Previous message: secureat_private: "[CLA-2002:523] Conectiva Linux Security Announcement - util-linux"
Maybe in reply to: Ulf Harnhammar: "PHP fopen() CRLF Injection"
Messages sorted by: [ date ] [ thread ] [ subject ] [ author ]

Hi,

> This issue has now been fixed in their CVS repository. This is the
> patch that they used:

I dislike calling my patch a fix. The problem you describe is not a
bug within PHP. One could call it an undocumented feature, that is
now gone with my patch. You cannot blame a programmer's error on the
language itself. Your fopen() thing does only occur if the programmer
does TWO stupid things: A) pass user input directly to a function
without proper validation, B) pass an url to a function that is not
an url. Any string that contains control chars cannot be a valid url.
Before you pass a string that should be an url to any function you
MUST urlencode() it. No need for your reg expression at all.
Following your idea I could blame the libc authors for implementing
strcpy() because misused it leads to bufferoverflows.
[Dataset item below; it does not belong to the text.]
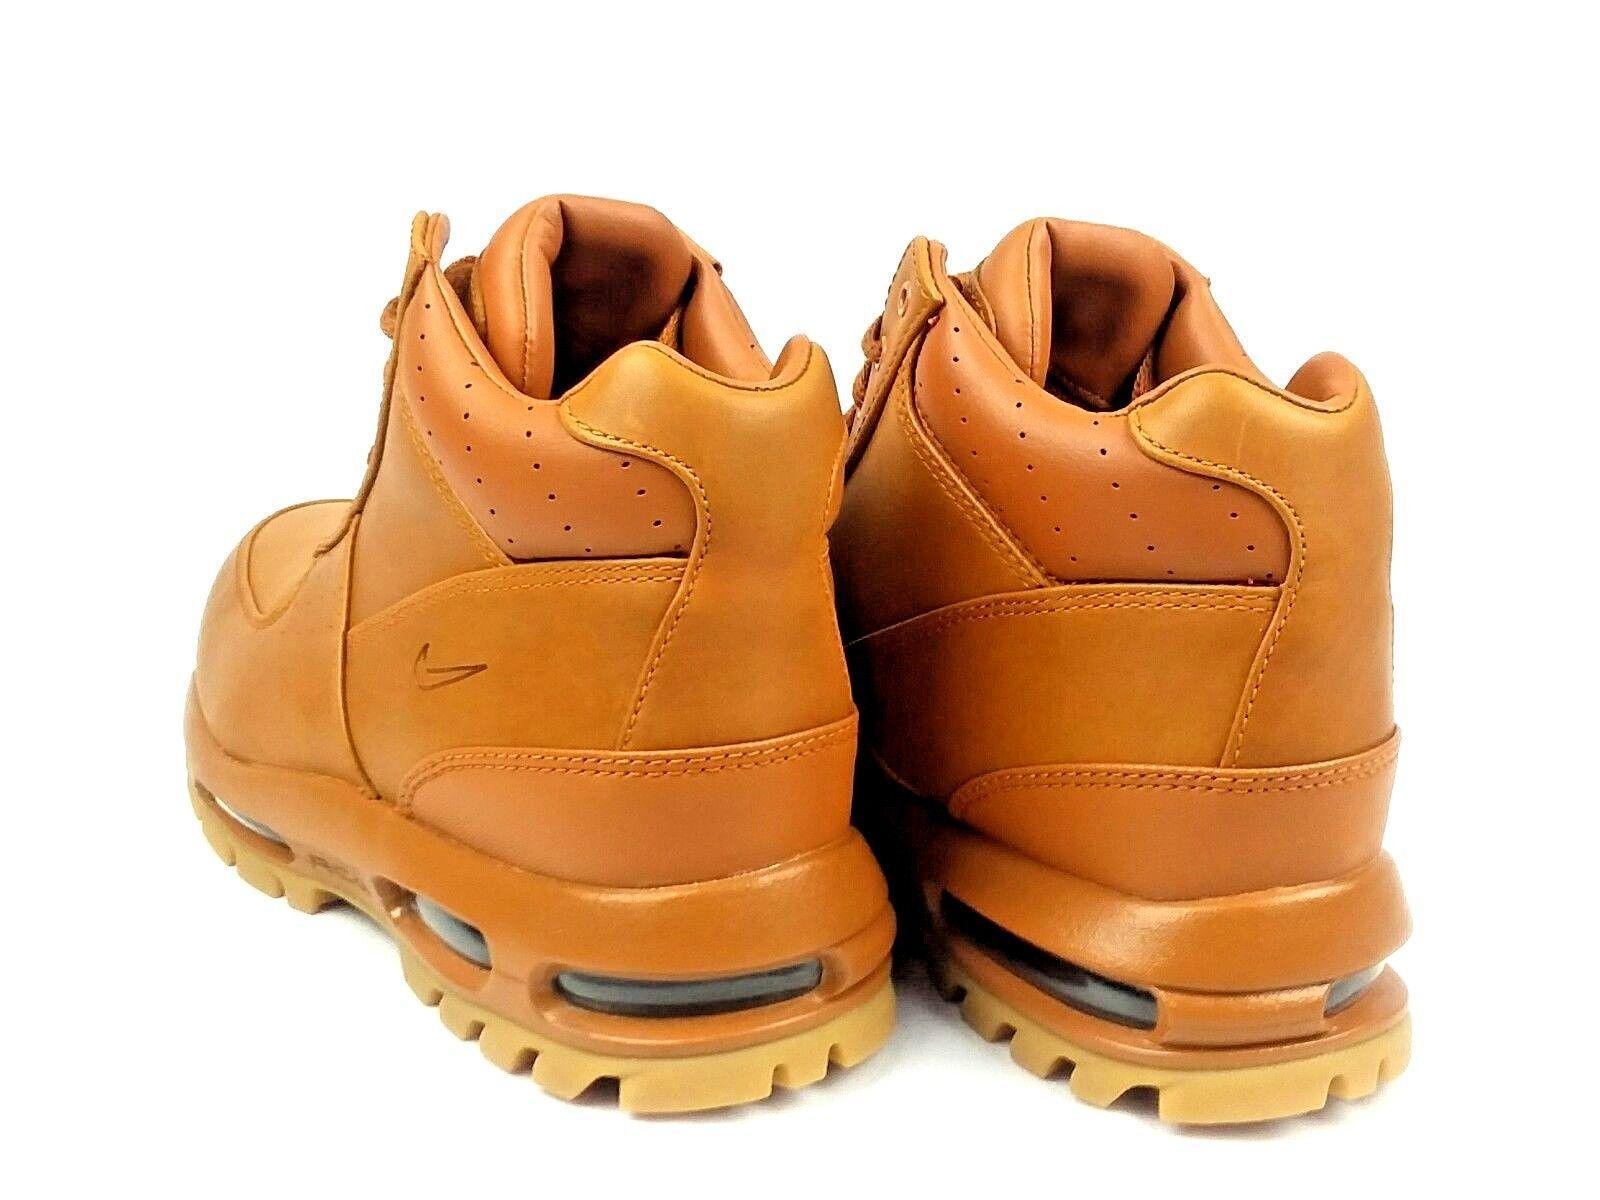 8891a84e7b Nike Air Max Goadome Boots Tawny/Gum Light Brown ACG 865031 208 Mens Size  7.5
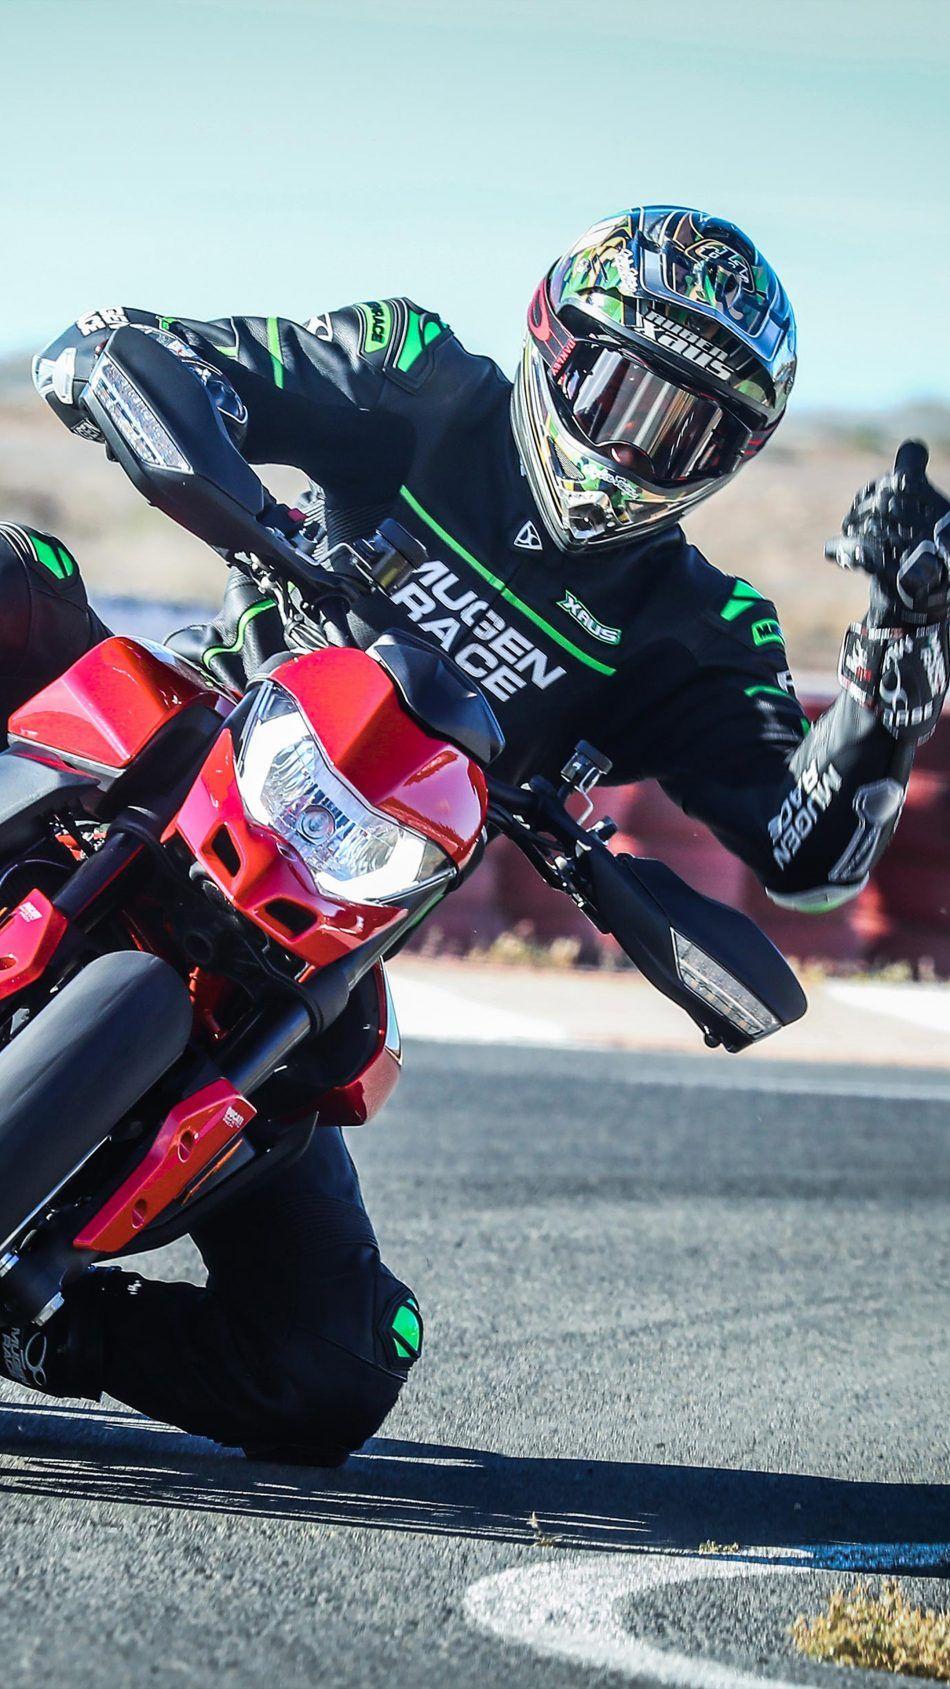 Ducati Hypermotard 950 4k Ultra Hd Mobile Wallpaper Ducati Hypermotard Ducati Ducati Motorcycles

Just because PHP is easy (to learn) you cannot leave your
brain at home when programming for your company. 

Stefan Esser

application/pgp-signature attachment: stored

Next message: Marco van Berkum: "Re: xbreaky symlink vulnerability"
Previous message: secureat_private: "[CLA-2002:523] Conectiva Linux Security Announcement - util-linux"
Maybe in reply to: Ulf Harnhammar: "PHP fopen() CRLF Injection"
Messages sorted by: [ date ] [ thread ] [ subject ] [ author ]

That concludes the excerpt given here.